Bizon Hunting: Dream Cars, Part 1
June 2, 2008 by Mike Bizon · 1 Comment
In the summer of 1996 just after completion of my sophomore year of college, I left Chicago to spend the summer in northern California. My uncle is a doctor and he got me a job at Mad River Hospital. I bought a one-way ticket as I was determined to buy a vehicle and drive across country at the end of the summer, something I had always wanted to do. I was putting myself through college and had no money to buy any car, let alone my dream car. I sat down with my uncle and asked him what I should be looking for, my only criteria at this point were that it must be economical and reliable. He stated immediately: “You need a Nissan Sentra; Dan (my cousin) had one and it was bullit proof. He refused to change the oil just to prove it didn’t care if it had fresh oil or old oil. The wheel bearing on the back wheel had frozen up and the wheel was just spinning on the axle but it kept going”.
So my dream car became a Nissan Sentra. I scowered over the paper every day, looking intently for a car in my price range. We looked at many and by the end of July I found a 1991 E model with standard transmission, no AC, no power locks, entry, windows or steering. A woman about my age at the time had been convinced by her hippie boyfriend that it should be sold so that she could buy a car “without computers and stuff; a car that I can actually climb into the engine compartment to work on”. How someone can be convinced to give up a car that doesn’t break down in the first place for one that will just so you can work on it yourself is a mystery (the boyfriend wanted to buy a late 50s, early 60s Ford pick-up). My grandpa loaned my 5k to buy it, my dad freaked out when he learned it had no power steering or air conditioning, and I loved it.
So end of the summer came, I bought a Rand McNally guide book and plotted my course.

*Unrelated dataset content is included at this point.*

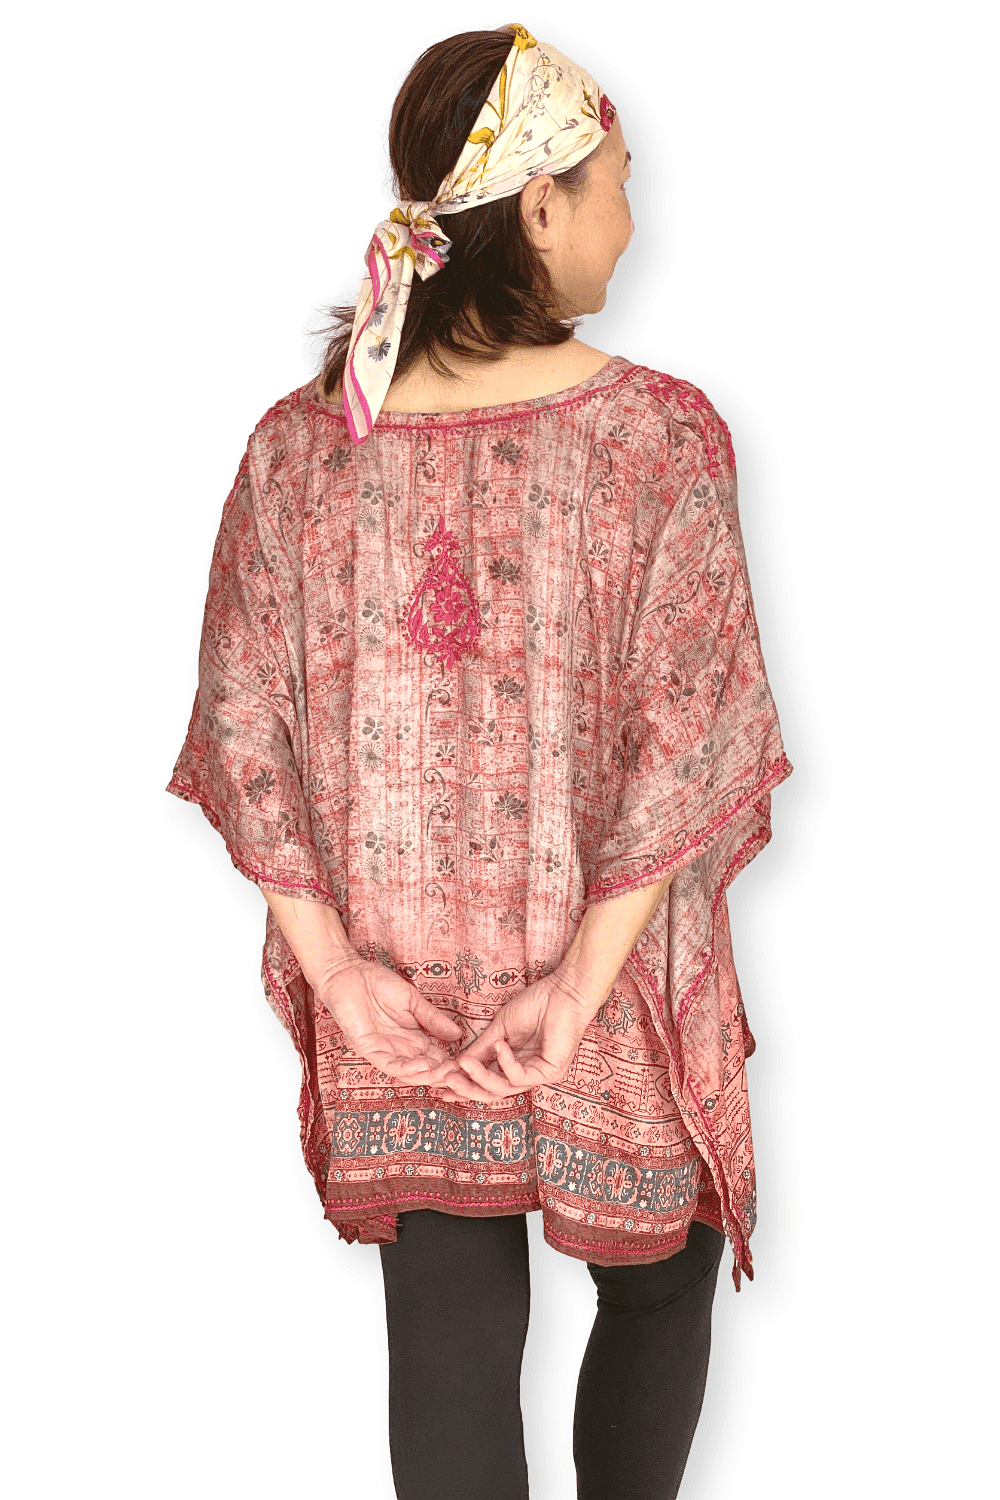 Embroidered Loose Fit Top - Marjory Warren Boutique

My girlfriend at the time flew out from Chicago to make the trip back east with me. I can’t tell you how great that trip was, I had never been to Yellowstone National Park before, I had never seen the Rocky Mountains or the Badlands of South Dakota. My little red Sentra had fascilitated a great adventure and I will always remember her for that. That car never broke down, not once in the 10 years that I owned it. My dad changed the fuel filter at 125,000 miles and remarked: “I’ve never seen a fuel filter that packed with a car still driving”. He actually cut it in half with a bench grinder just to see the insides for himself. I drove it until March of 2005, the time had come to set nostalgia aside for a car that I really wanted and did not need.